YOUR GOAL ::
Leave out the pictures and repeat the data exactly.

INFORMATION PROVIDED ::
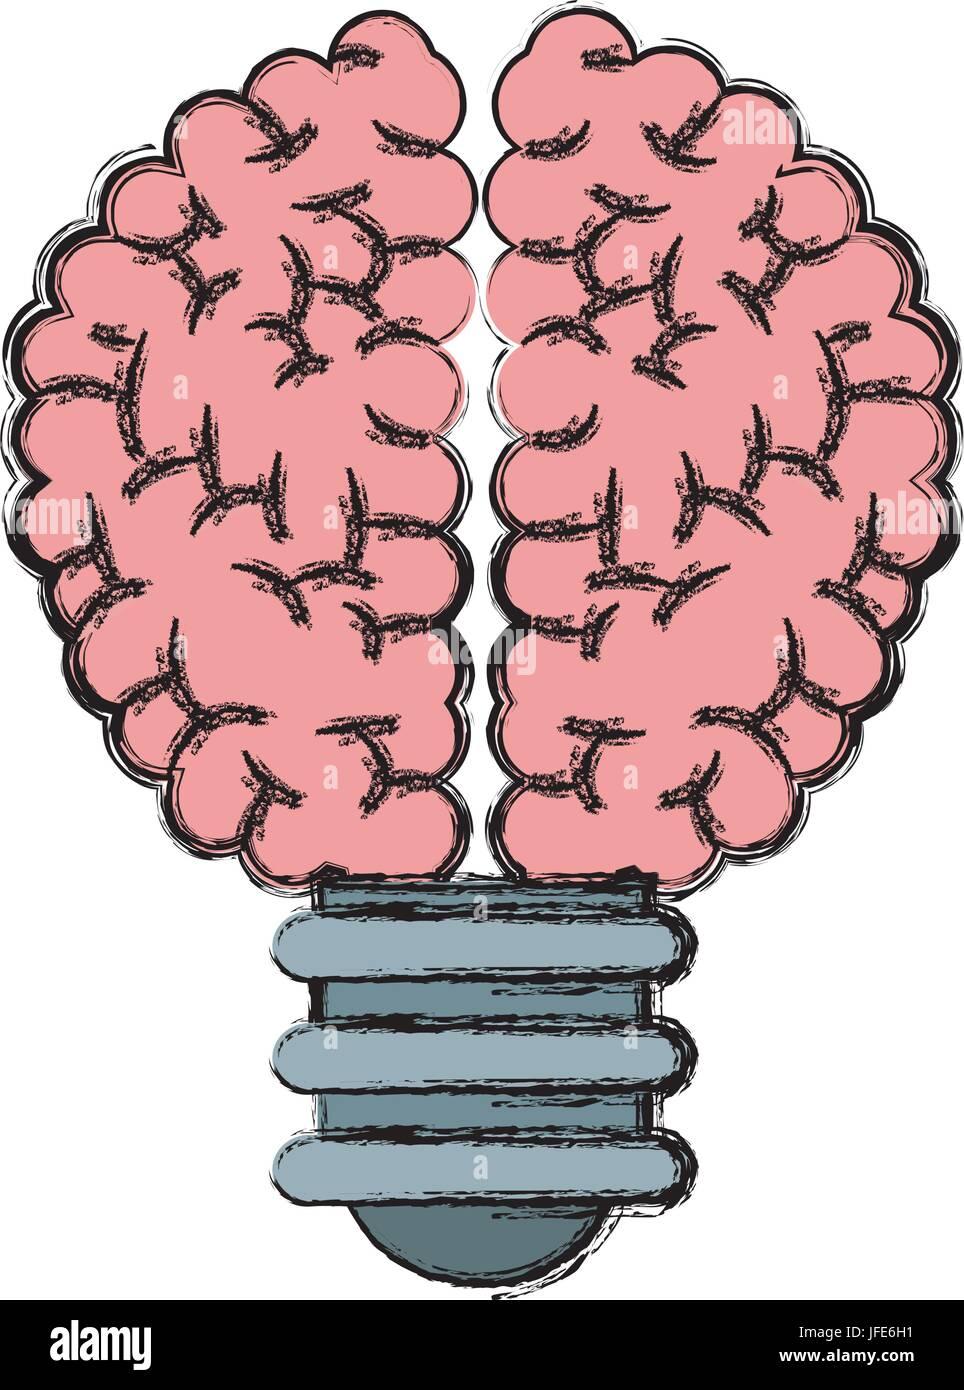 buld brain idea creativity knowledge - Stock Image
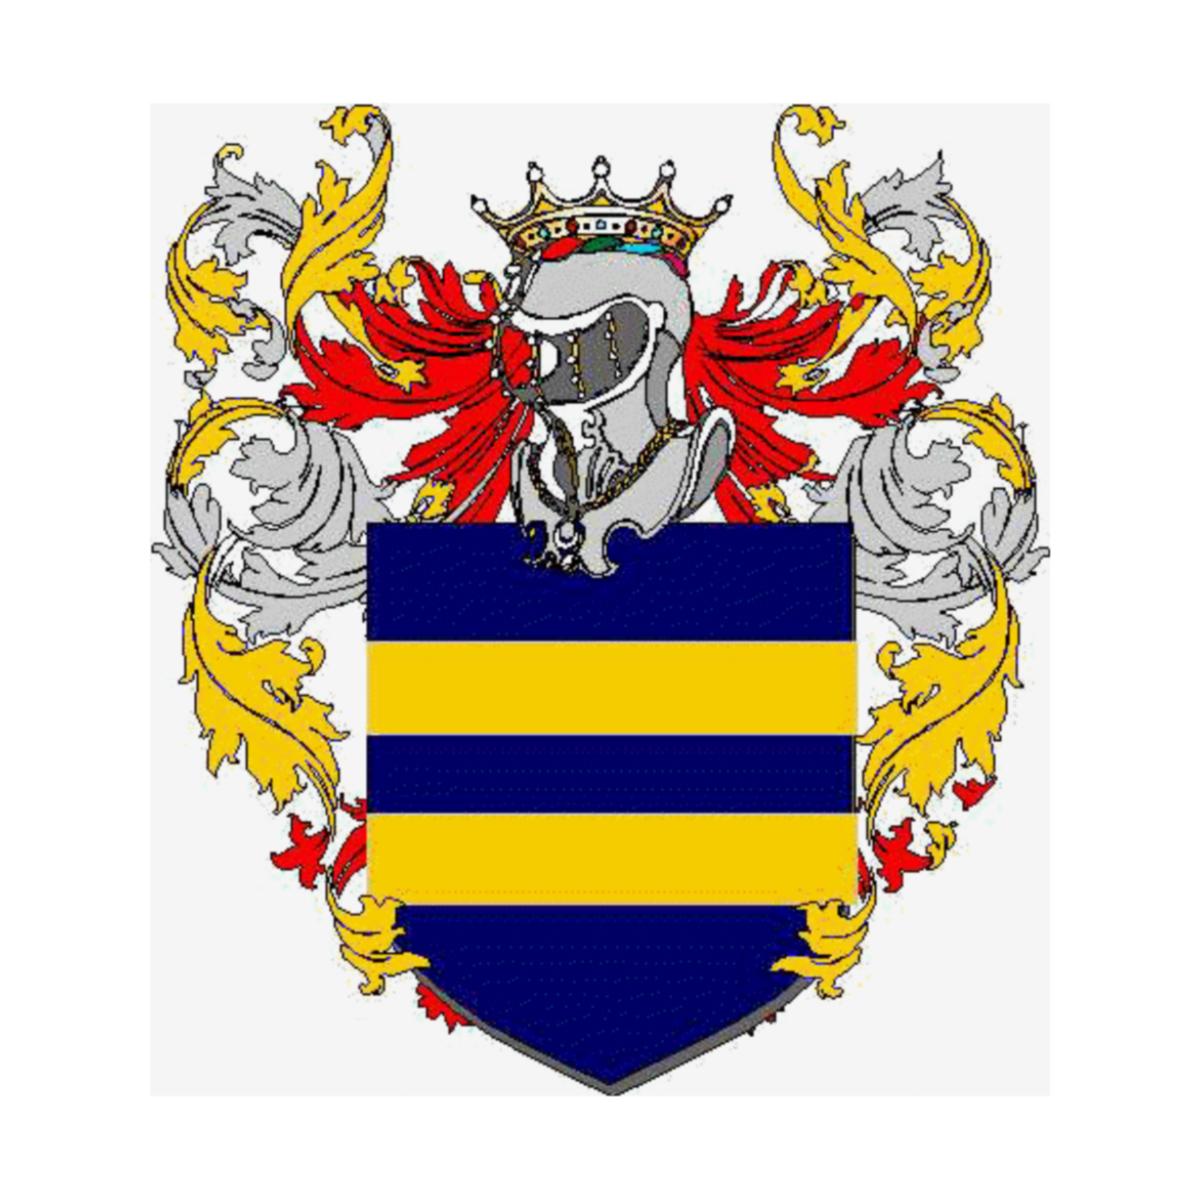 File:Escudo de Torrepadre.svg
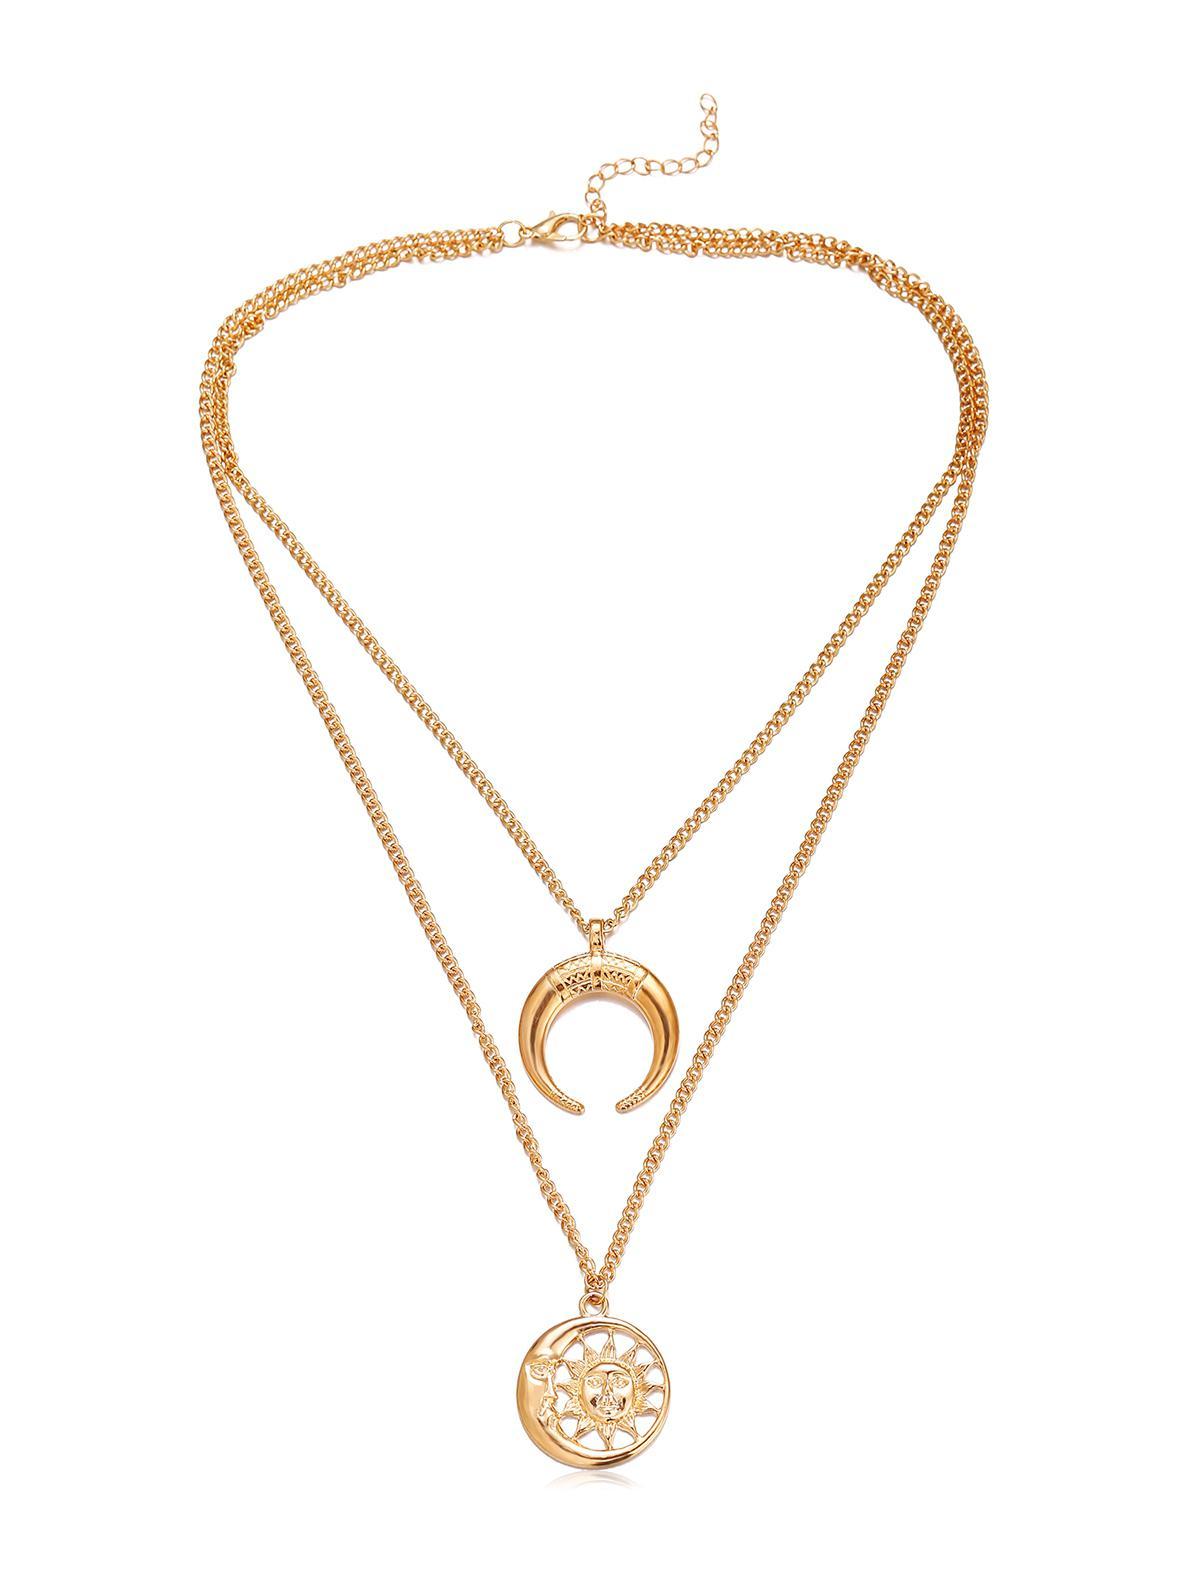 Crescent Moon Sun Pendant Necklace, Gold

EXERCISE SOLUTION ::
 buld brain idea creativity knowledge - Stock Image
 File:Escudo de Torrepadre.svg
 Crescent Moon Sun Pendant Necklace, Gold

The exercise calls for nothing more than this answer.